You changed the reader code, therefore test/predict is not deterministic anymore.
What are you trying to do? what did you expect to happen?

from code2seq.

lishi0927 avatar lishi0927 commented on May 26, 2024

En.
I want to know whether the embedded vector that is encoded by "compute-context" function is static for the same java code or not after training process.
The input of your neural work is a series of tuples, which contain (source, path, target), and you can change the order of these tuples through Random_Contexts = True. Different order usually gives different inputs for this neural network, even for the same java program.
However, different orders should return the same prediction because they are from the same java program, and your model has achieved this from the above experiments.
Also I find the embedded vector is different for different orders, but they give the same prediction.
I expect to know more about the embedded vector, because in my application, the training loss has a vibration due to different orders.
I know I use a few training examples, but usually the training loss will quickly remain stable or overfit in the small dataset.
Have you ever get my point or given me some advice?
Thank you.

from code2seq.

urialon avatar urialon commented on May 26, 2024

I prefer to say that the result of the compute_context function is "deterministic", I am not sure what is "static" regarding a computation.

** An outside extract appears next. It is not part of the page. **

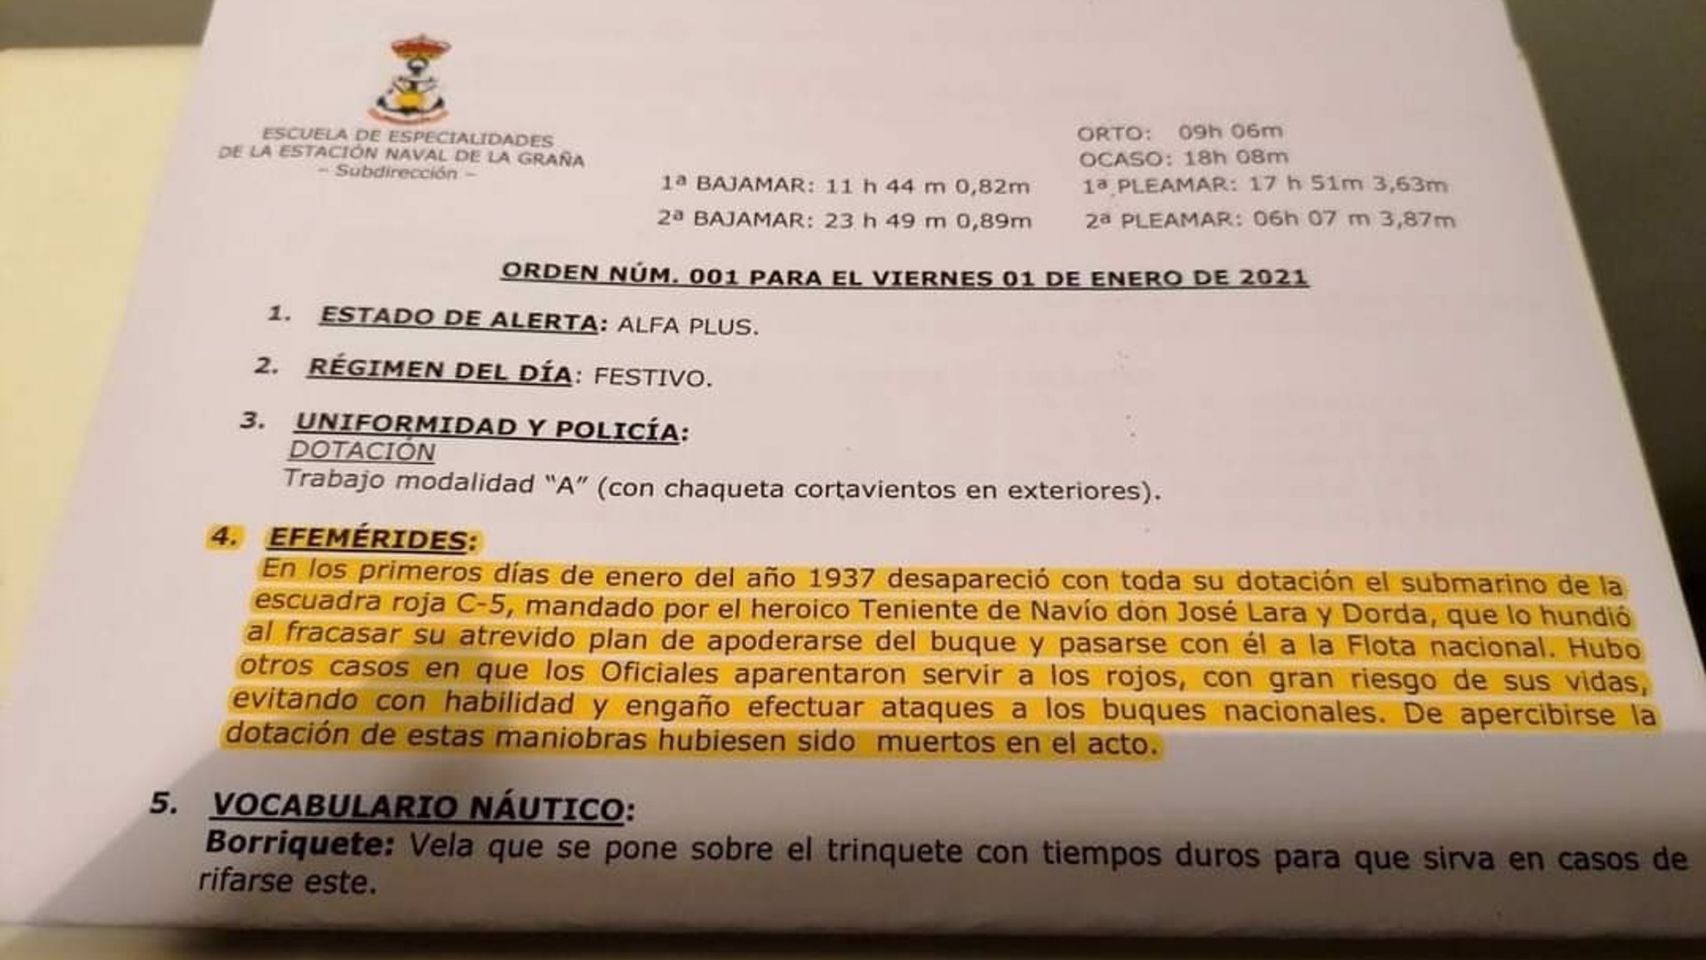 Orden del día 1 de enero de 2020 de la Escuela Naval de la Armada en Ferrol

  • After training, this resulting vector is deterministic. For the same example, the same vector will be produced.
  • The order of the (source,path,target) tuples indeed doesn't matter, as you said.
  • However, random_contexts doesn't only change the order, it changes the choice of the subset of all available tuples. I.e, in every training iteration, a different subset of tuples is chosen for the same example.
  • Nonetheless, the random_contexts option is irrelevant for testing, it is only relevant for training. At test time (unless you change the code) - it behaves as it is set to False. I.e., at test time, always the first same max_contexts are taken (without randomness).
  • If you believe that random_contexts makes your training loss fluctuate, you can simply turn it off and forget about this feature. Its effect is only 2-3 F1 points in our experiments (see Section 5 in the paper).

I hope it helps...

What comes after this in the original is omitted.